Growing your own plums
This fruit is a perennial favourite, especially the Victoria plum, which is always a best seller. Plums are very easy to care for once established and the modern varieties available have provided an opportunity to grow them in smaller gardens. Those grafted onto St Julien, semi-dwarf root stock, provides a medium sized tree of around 2-2.5m (7-8'). Growing as a fan also saves space. Plums are not grown as cordons or espaliers.

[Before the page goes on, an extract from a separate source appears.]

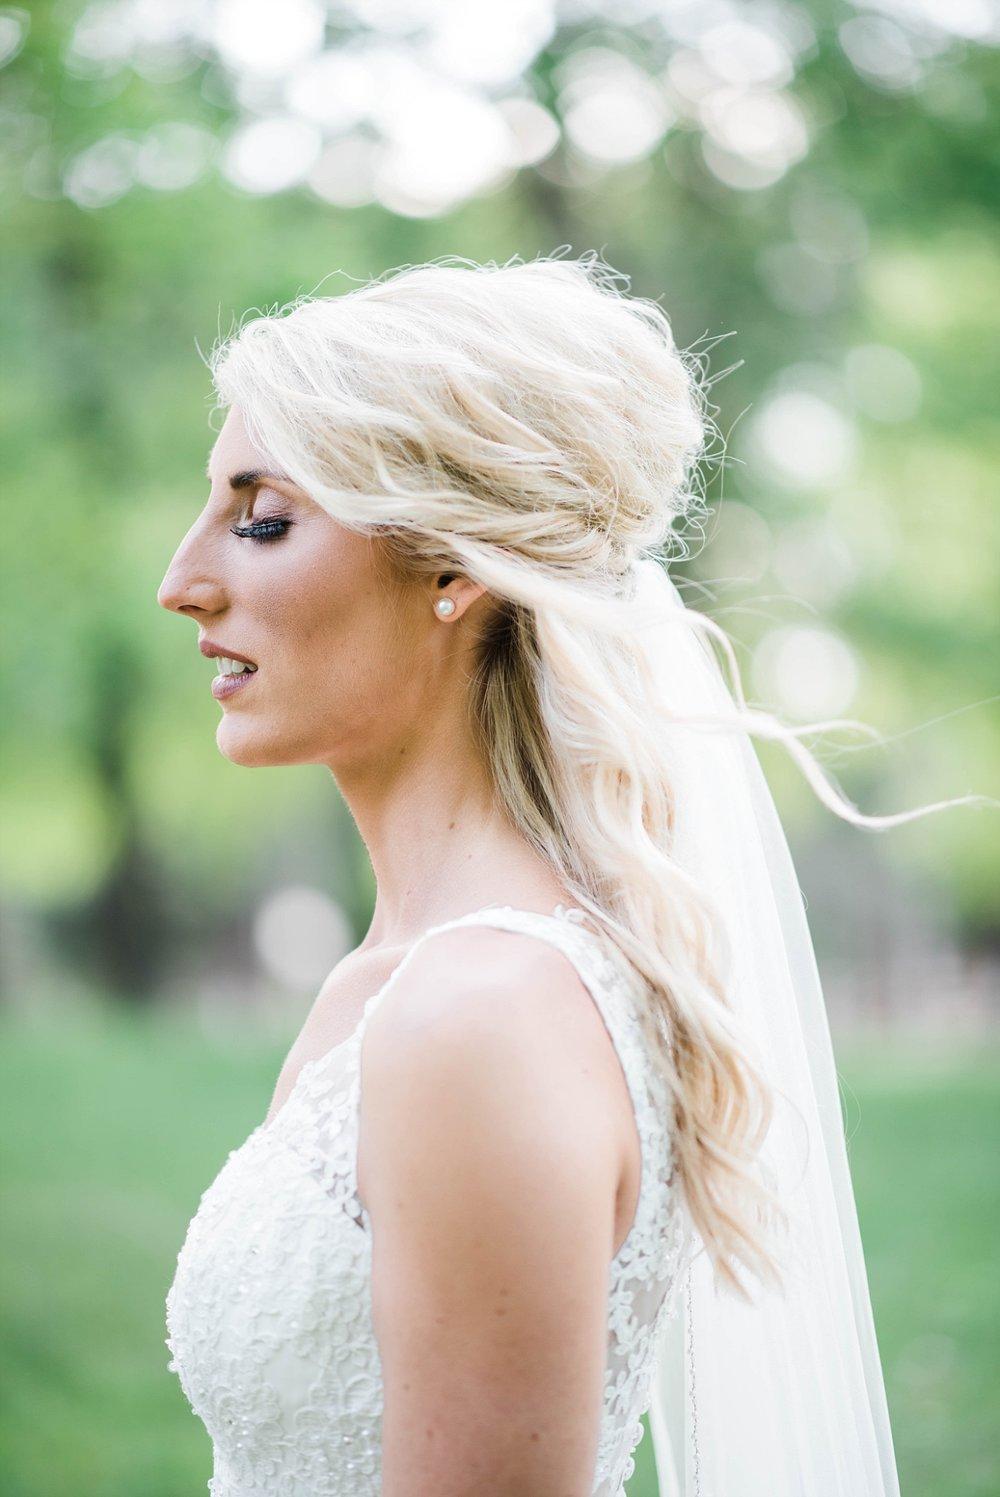 BRIDALPORTRAITS | BRIDE WITH VEIL| ELEGANT SPRING WEDDING AT THE SONNET HOUSE | TJ & SHELBY | JOHNSON WEDDING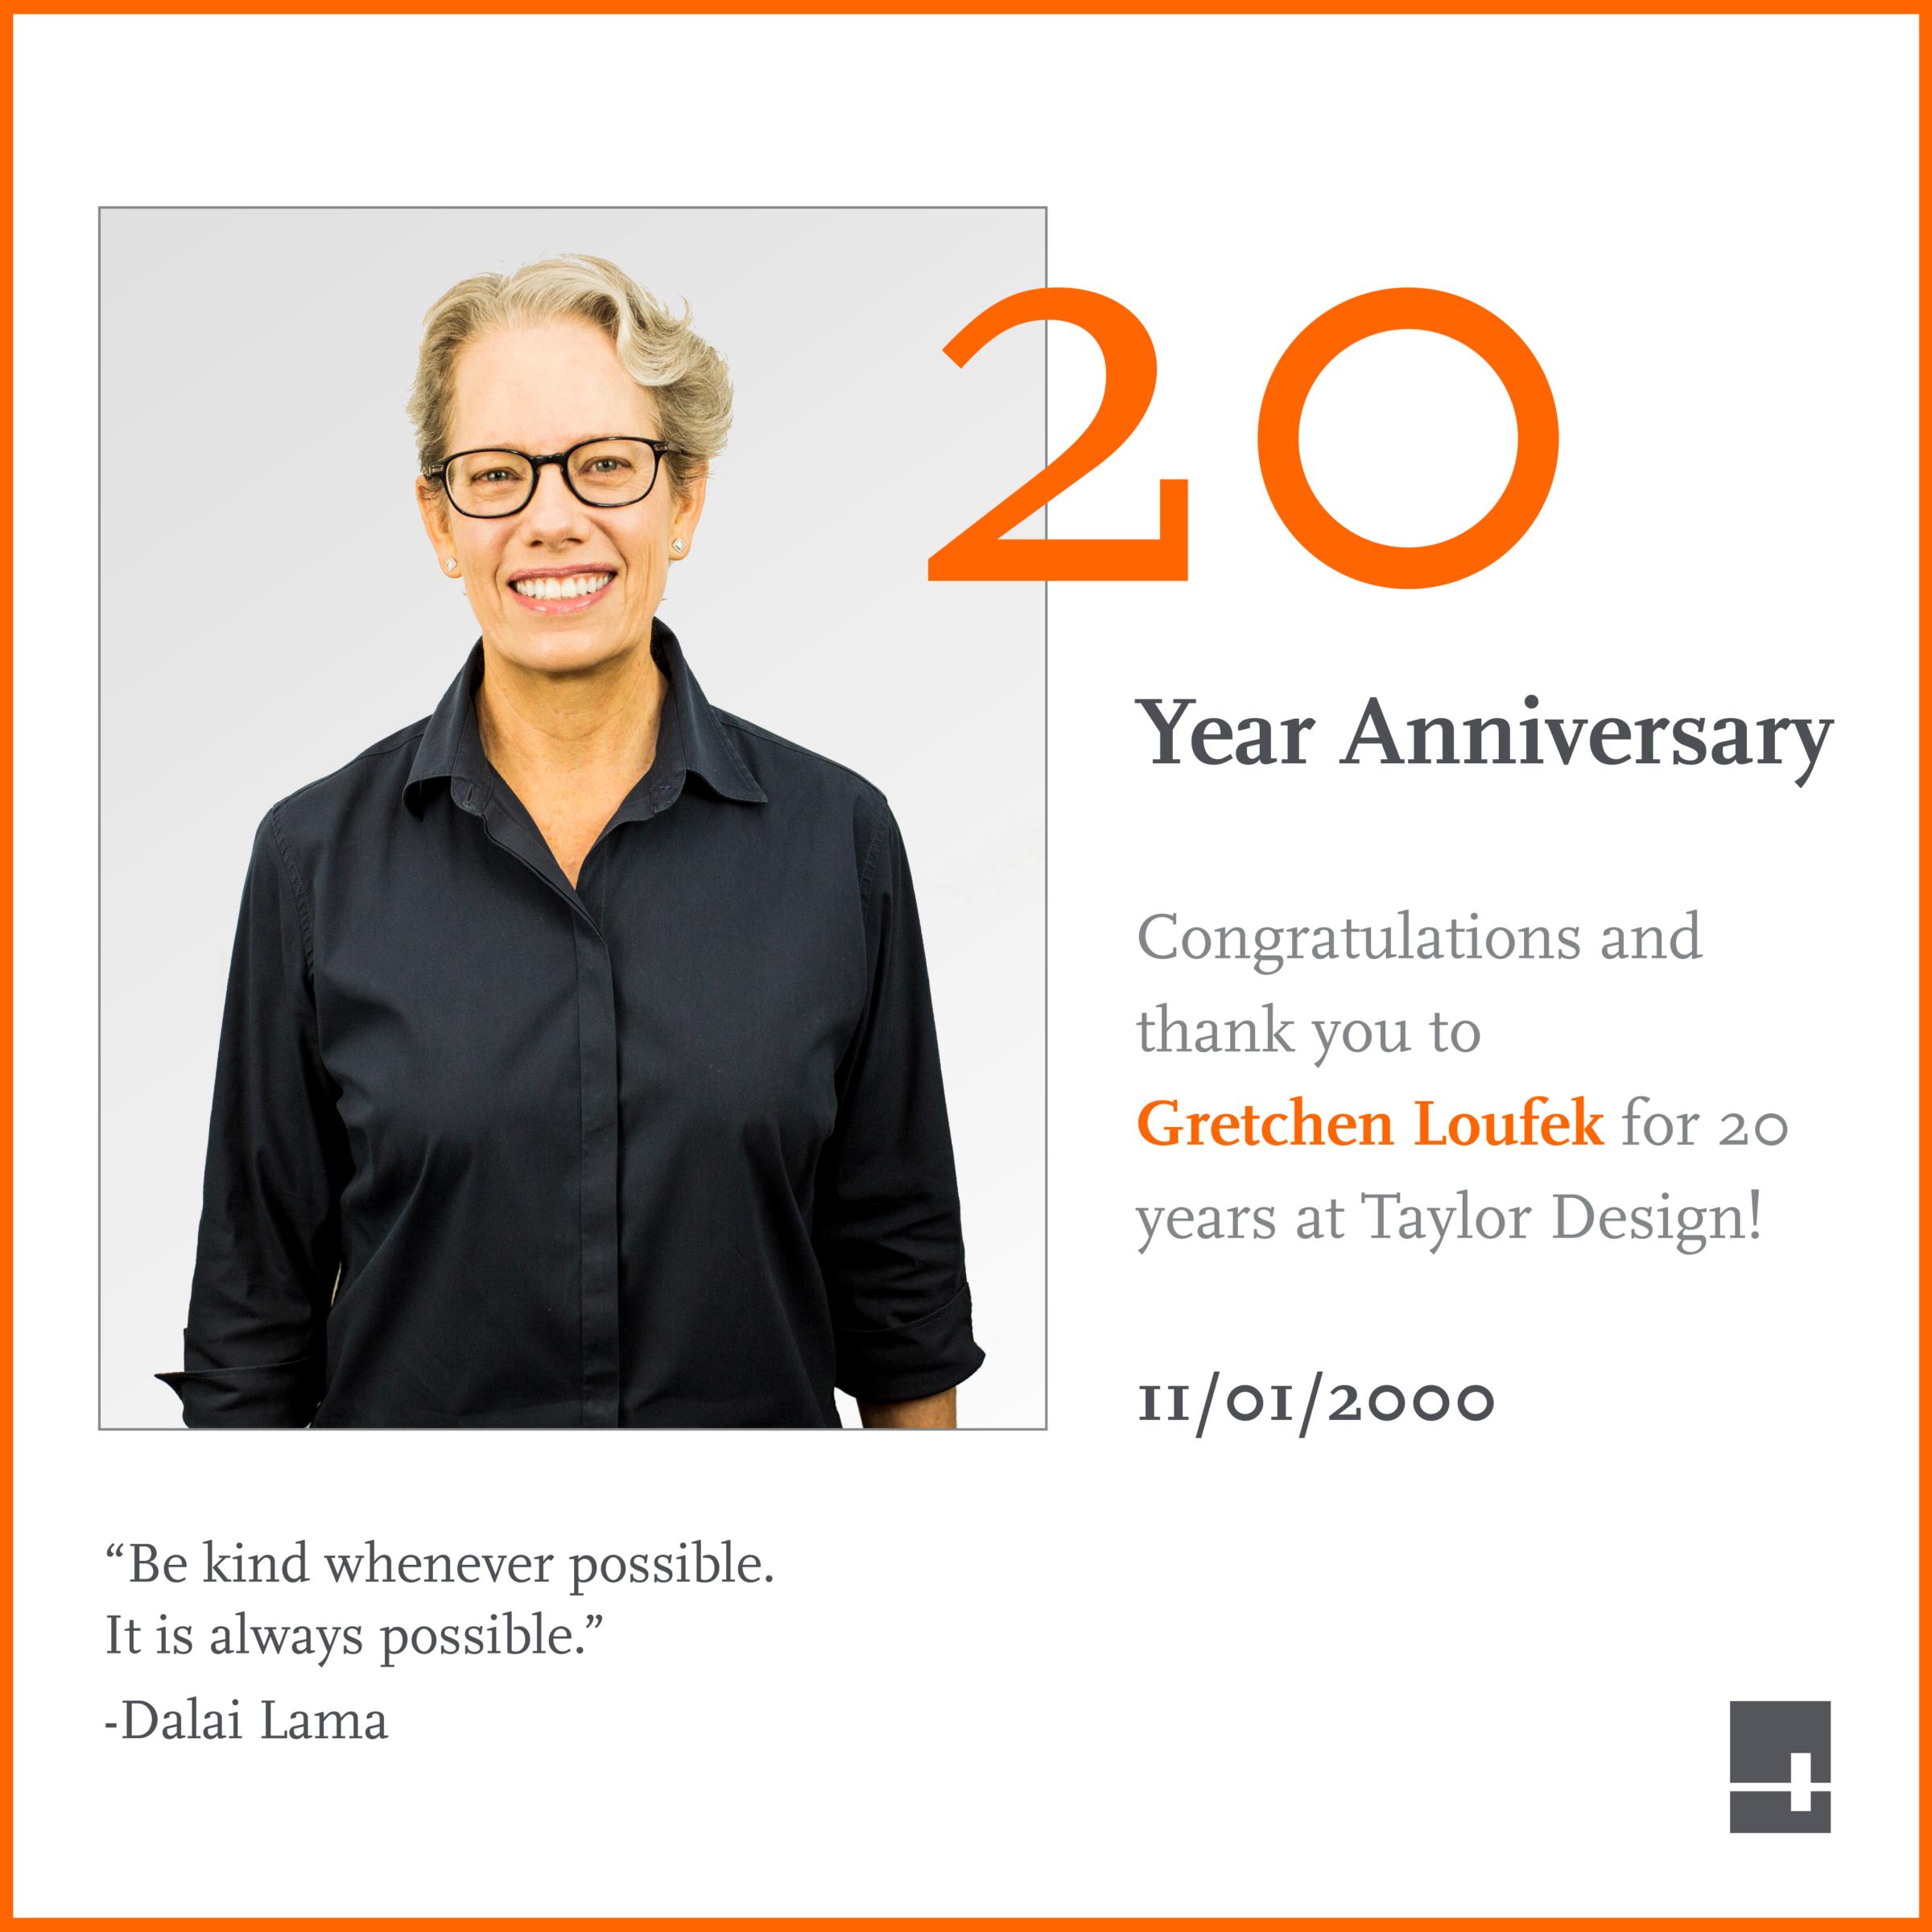 Gretchen Loufek 20th Anniversary

The plum is the most popular of the stone fruits, and gages, damsons and bullaces are very close family members. When choosing your tree it is necessary to decide on size, dessert or cooking plum, and blossom time. Some are earlier to blossom than others and with fewer pollinating insects around, these varieties will need extra help with a soft artists brush. Late blossomers will find life a little easier. Also, as plums are less widespread than apple trees make sure you have a self-fertile variety, or two compatible cultivars. It is also a fact that the dessert plums are less hardy than the less fleshy cooking cultivars.
- Autumn through to early spring is planting time, with October/November being the best time of all.
- Train into a fan on a south facing wall to save space. This method makes it very easy to net to protect fruit from bird damage.
- Pruning should be done in early summer, and all cuts painted with a sealing compound to discourage silver leaf infection.
- Plums benefit from thinning the fruitlets in July, this is after the usual 'June Drop' has occurred. Remove any diseased or deformed specimens, plus the 'king fruit' in the centre which is low quality and misshapen - leave around 7.5cm (3") between fruits to allow them to develop well. Not only will this mean better, larger and juicier fruit, but the danger of broken branches from too much weight will be avoided. If there are still a large number of fruits left after thinning you can prop up the branches that are most at risk.